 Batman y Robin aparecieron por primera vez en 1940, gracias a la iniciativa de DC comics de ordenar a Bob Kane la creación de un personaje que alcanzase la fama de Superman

_ _ _ _

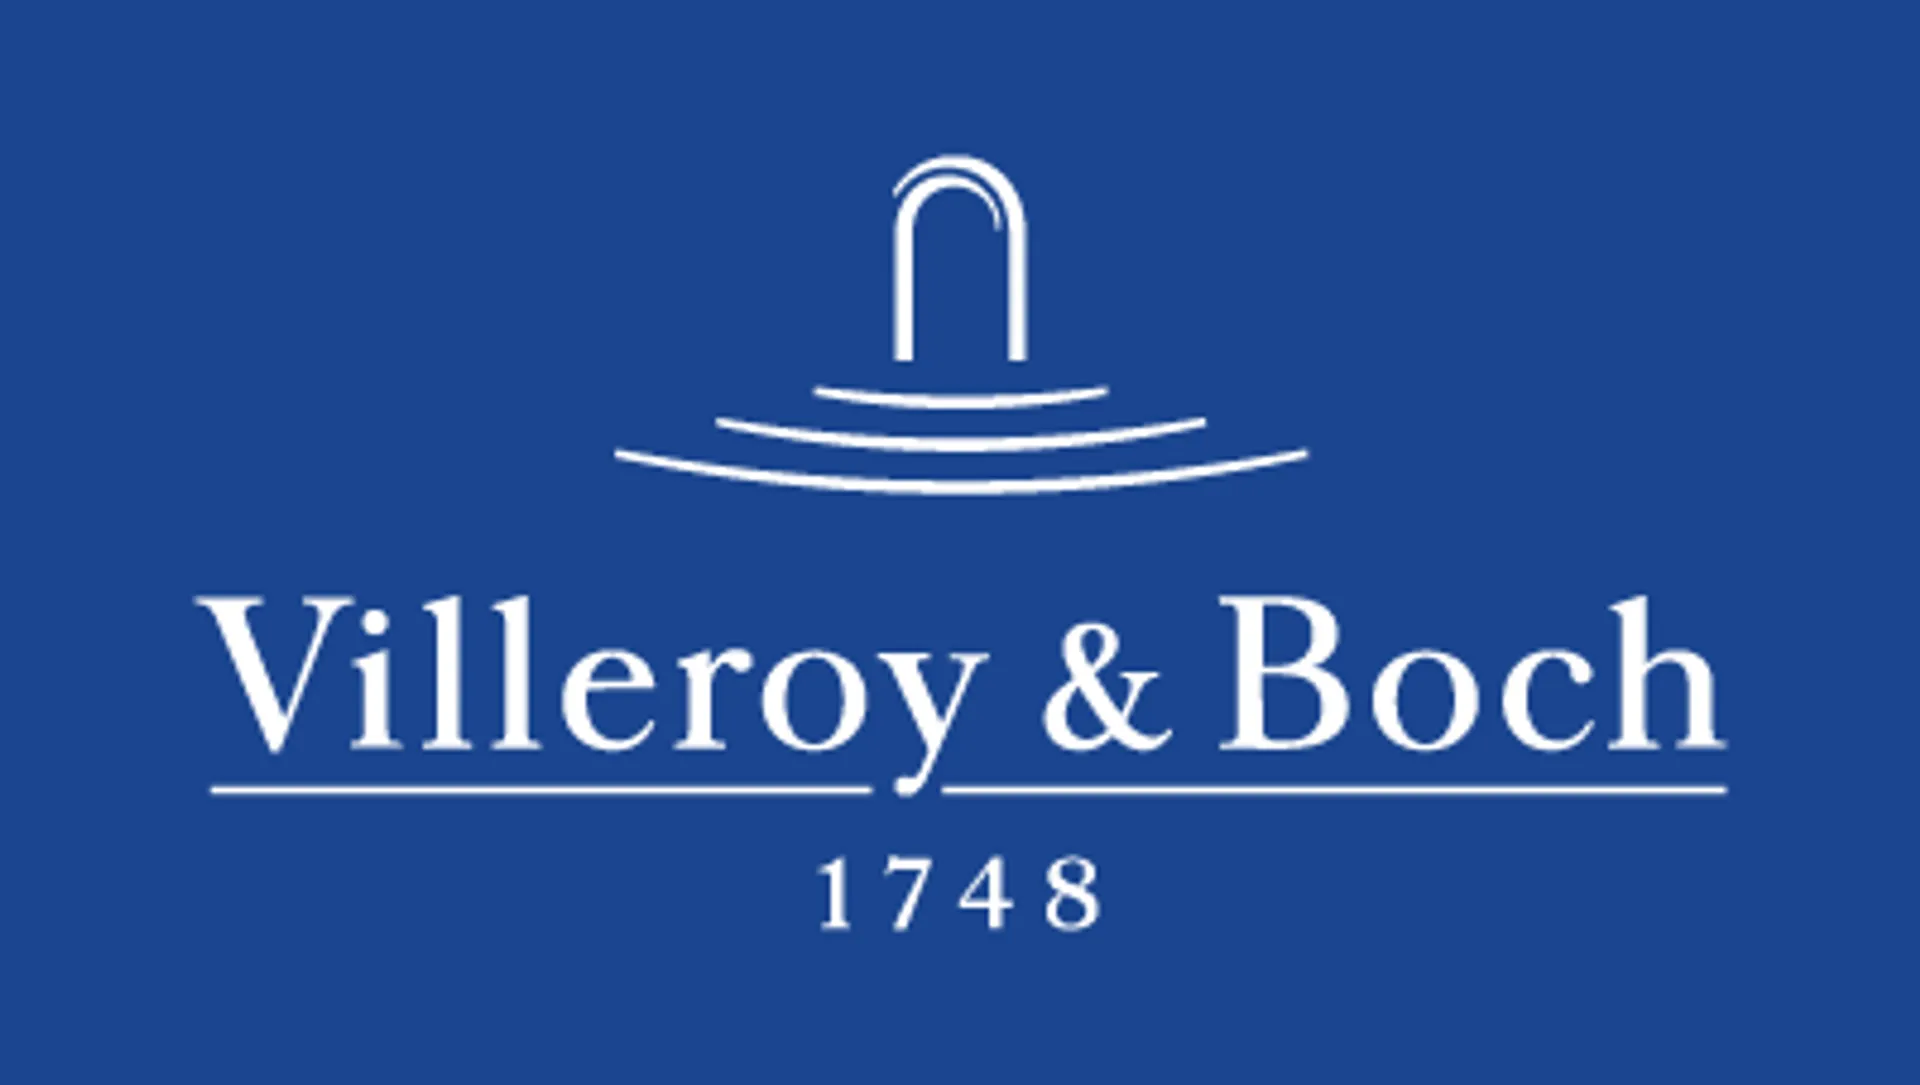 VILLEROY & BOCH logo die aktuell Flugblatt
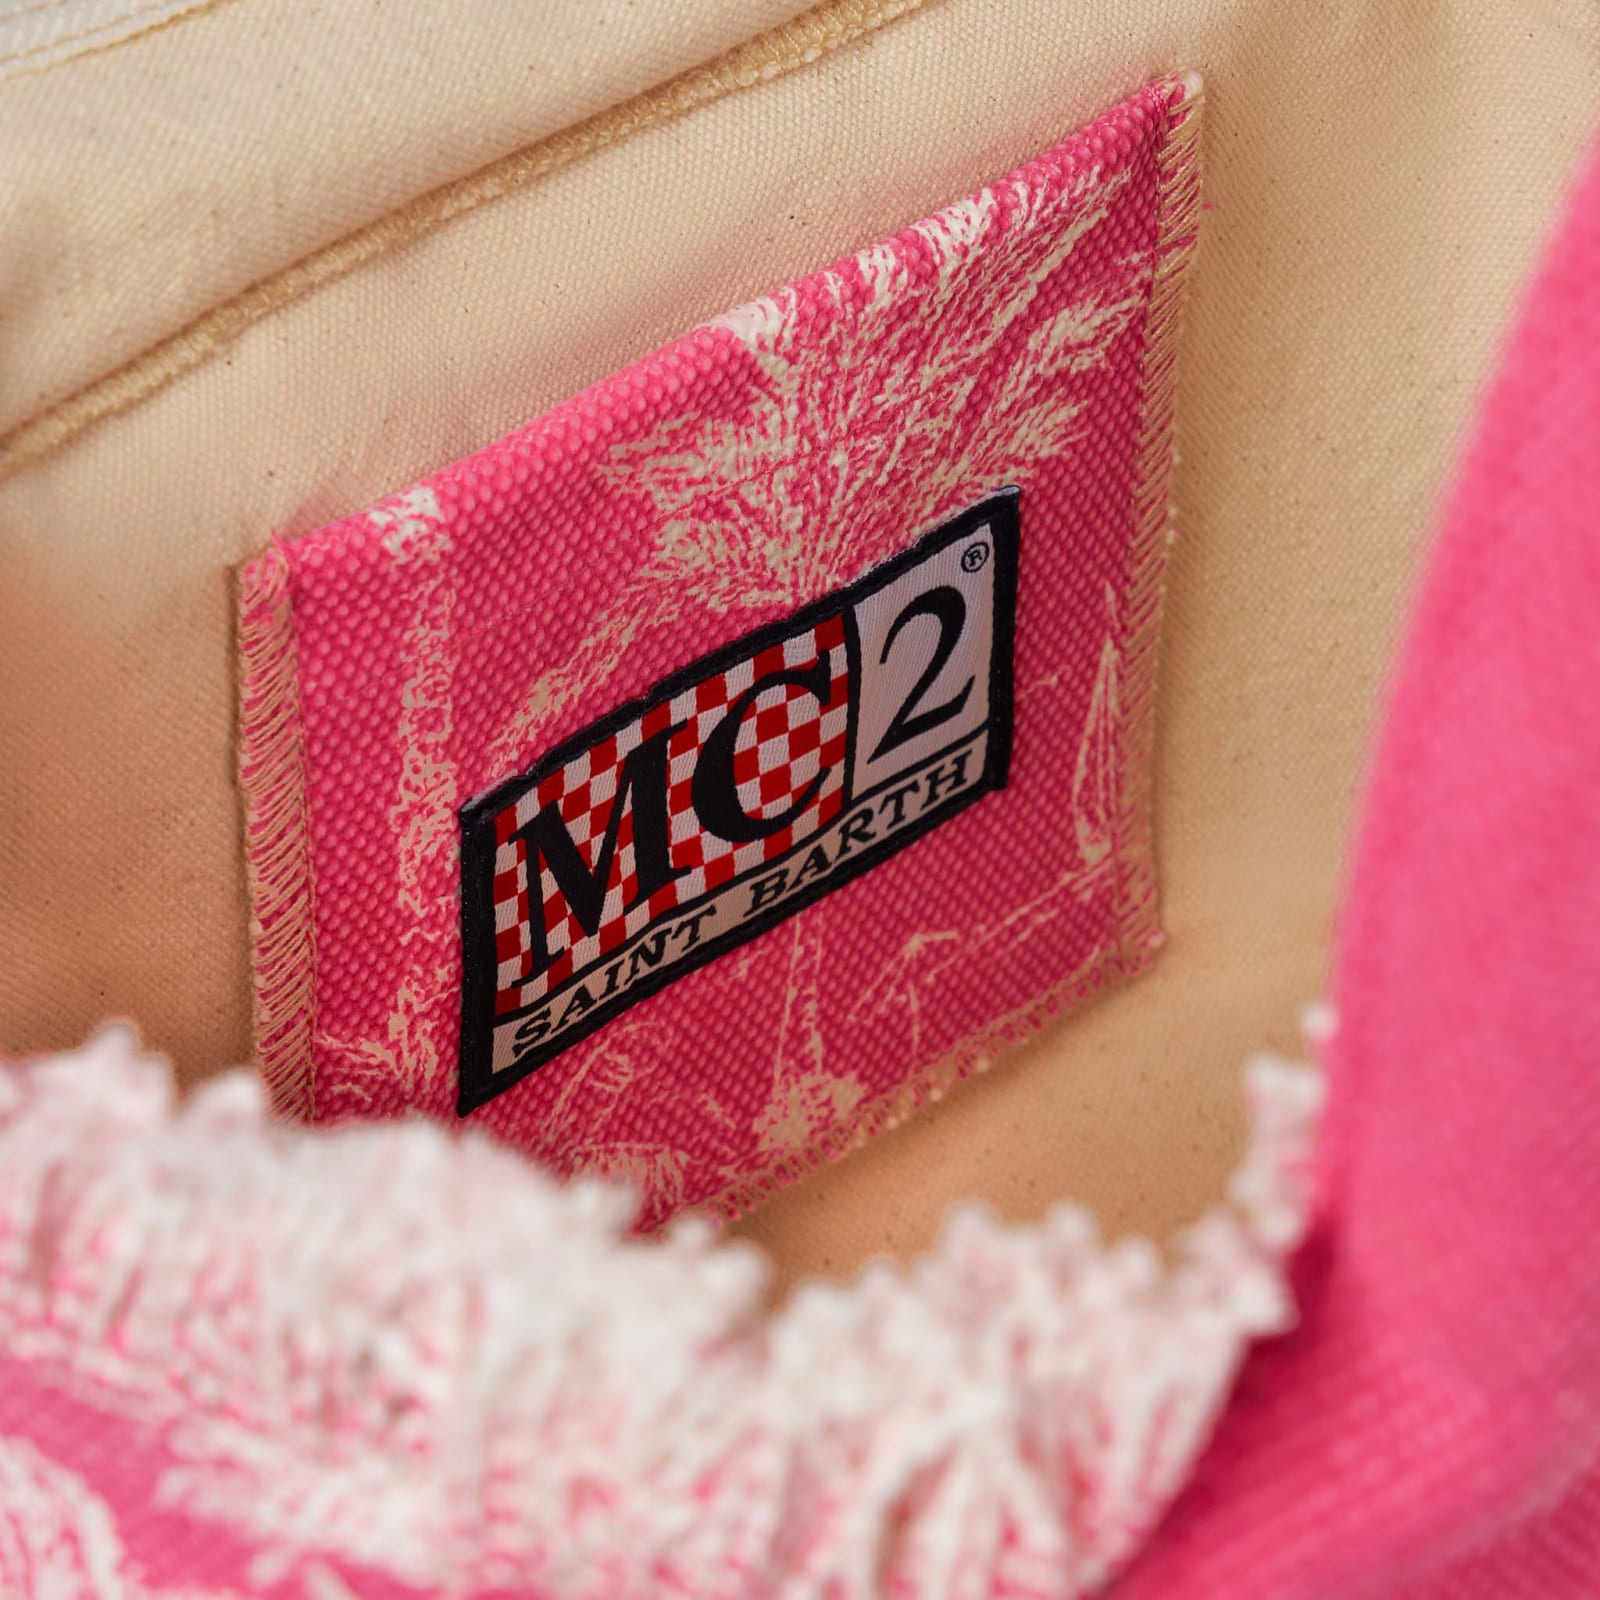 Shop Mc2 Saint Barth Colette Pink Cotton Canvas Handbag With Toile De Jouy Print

_ _ _ _

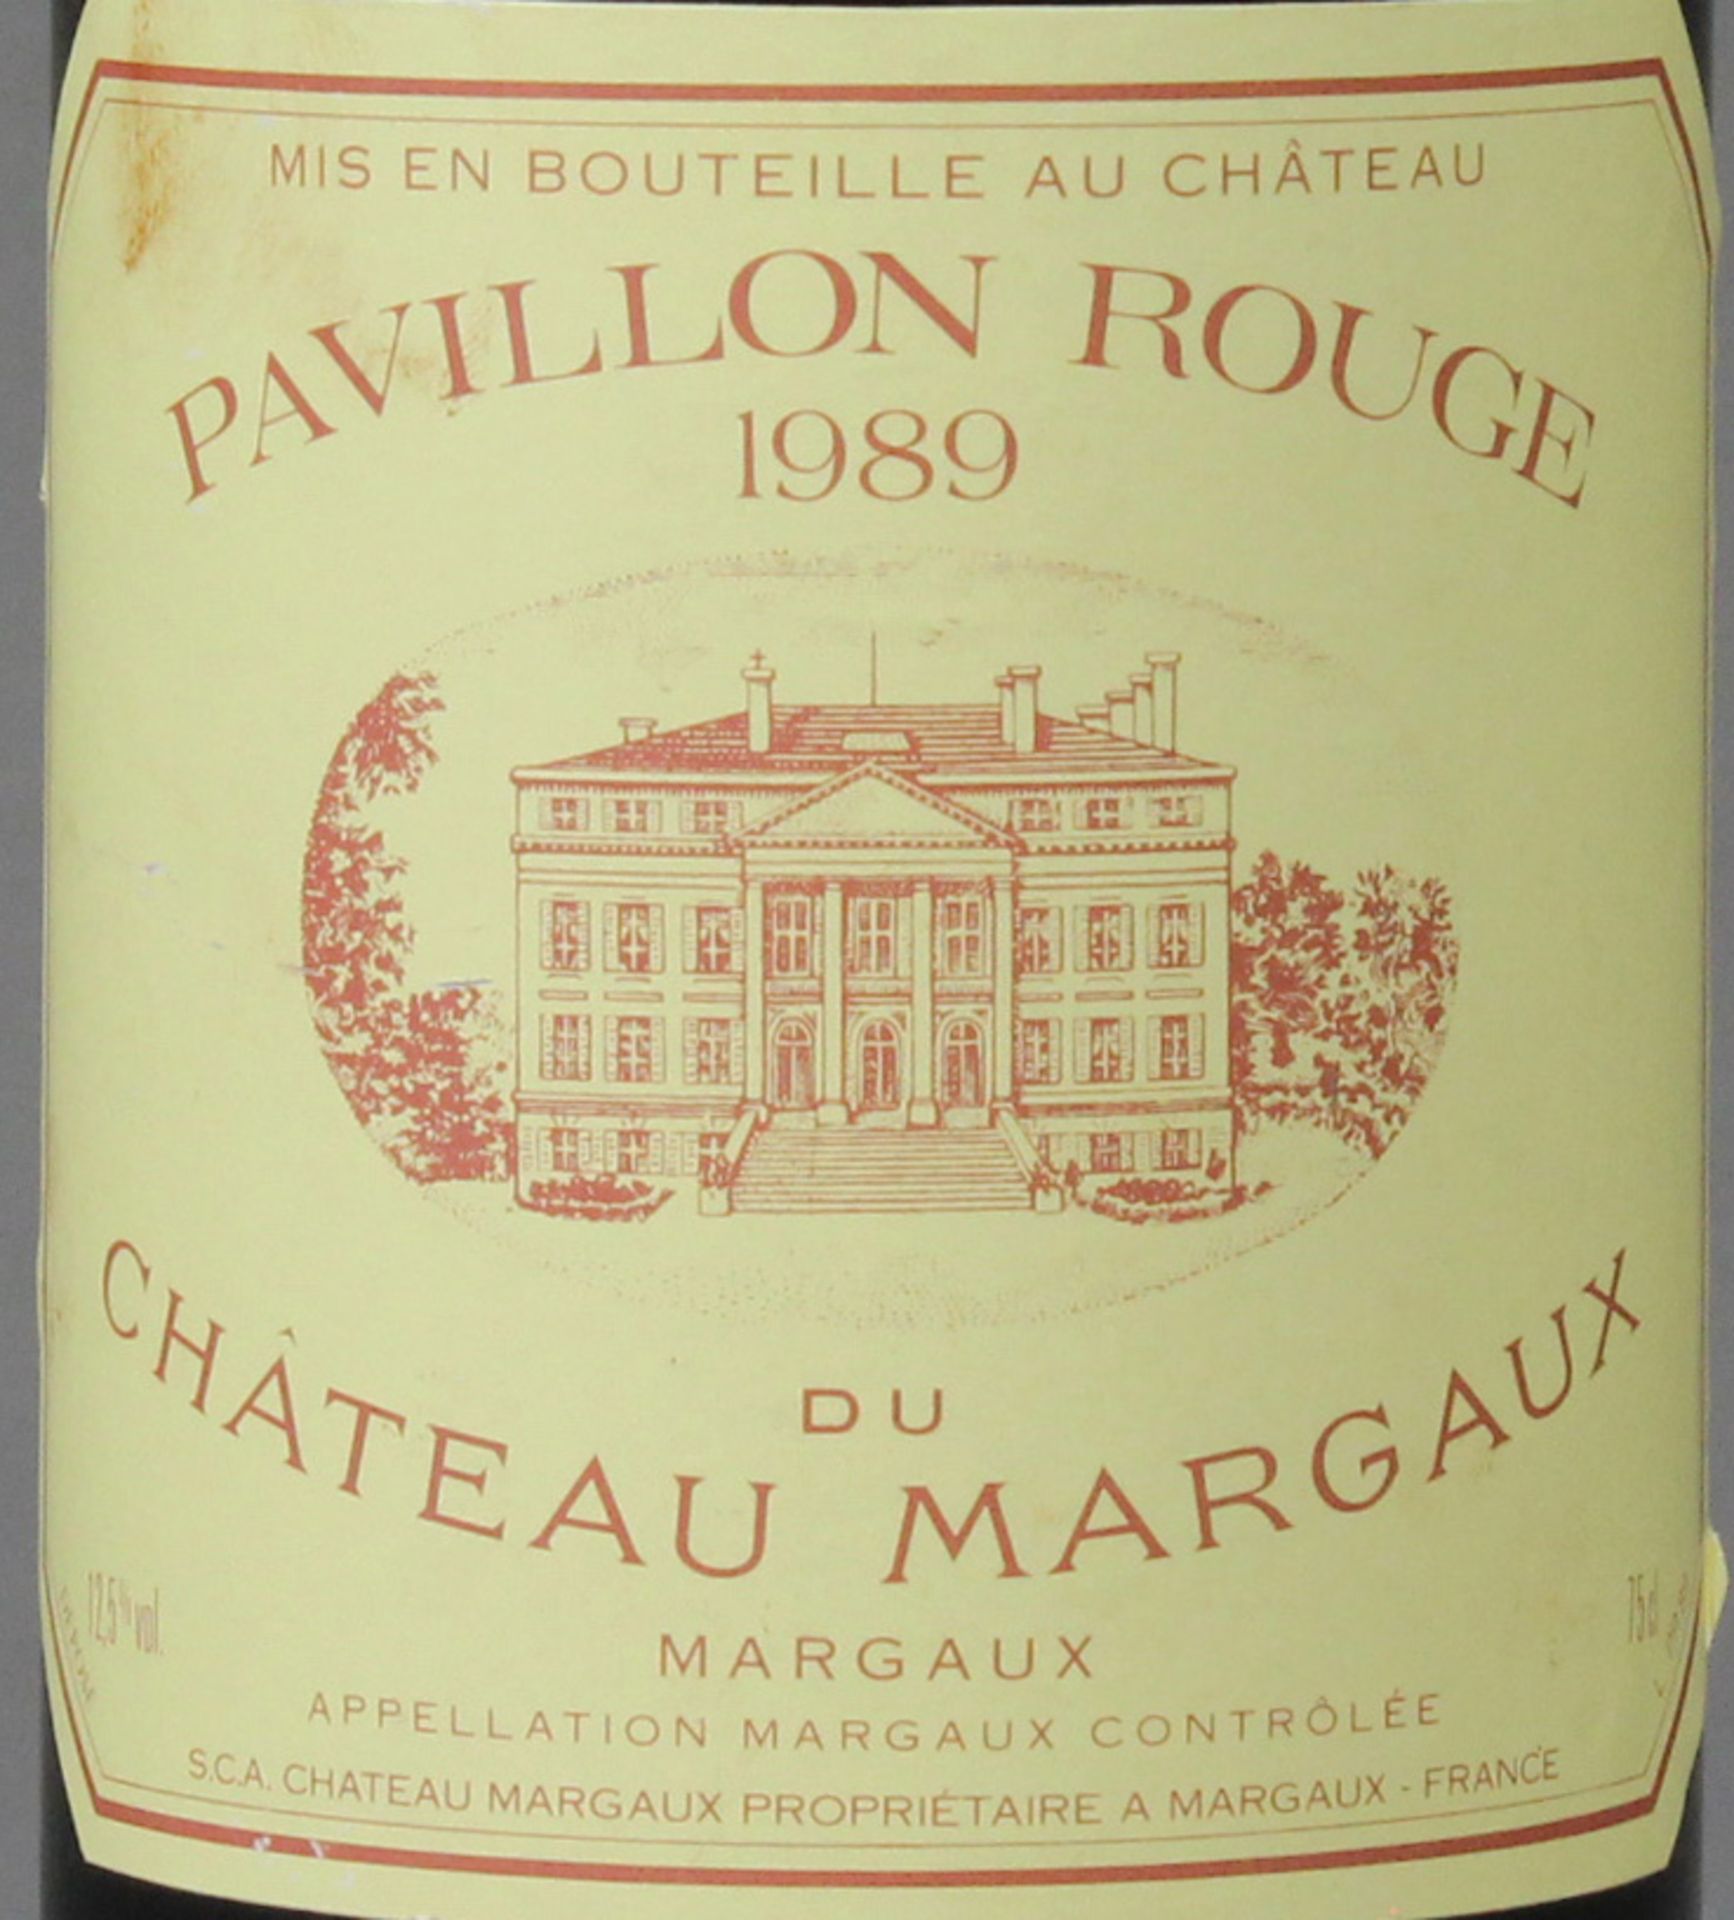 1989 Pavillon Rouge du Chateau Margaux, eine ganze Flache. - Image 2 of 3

_ _ _ _

In the data above, find the line with "VILLEROY & BOCH logo die aktuell Flugblatt" and the line with "Shop Mc2 Saint". Please copy exactly those two lines and every line between them, but not the pictures.

### Answer area
 VILLEROY & BOCH logo die aktuell Flugblatt
 Shop Mc2 Saint Barth Colette Pink Cotton Canvas Handbag With Toile De Jouy Print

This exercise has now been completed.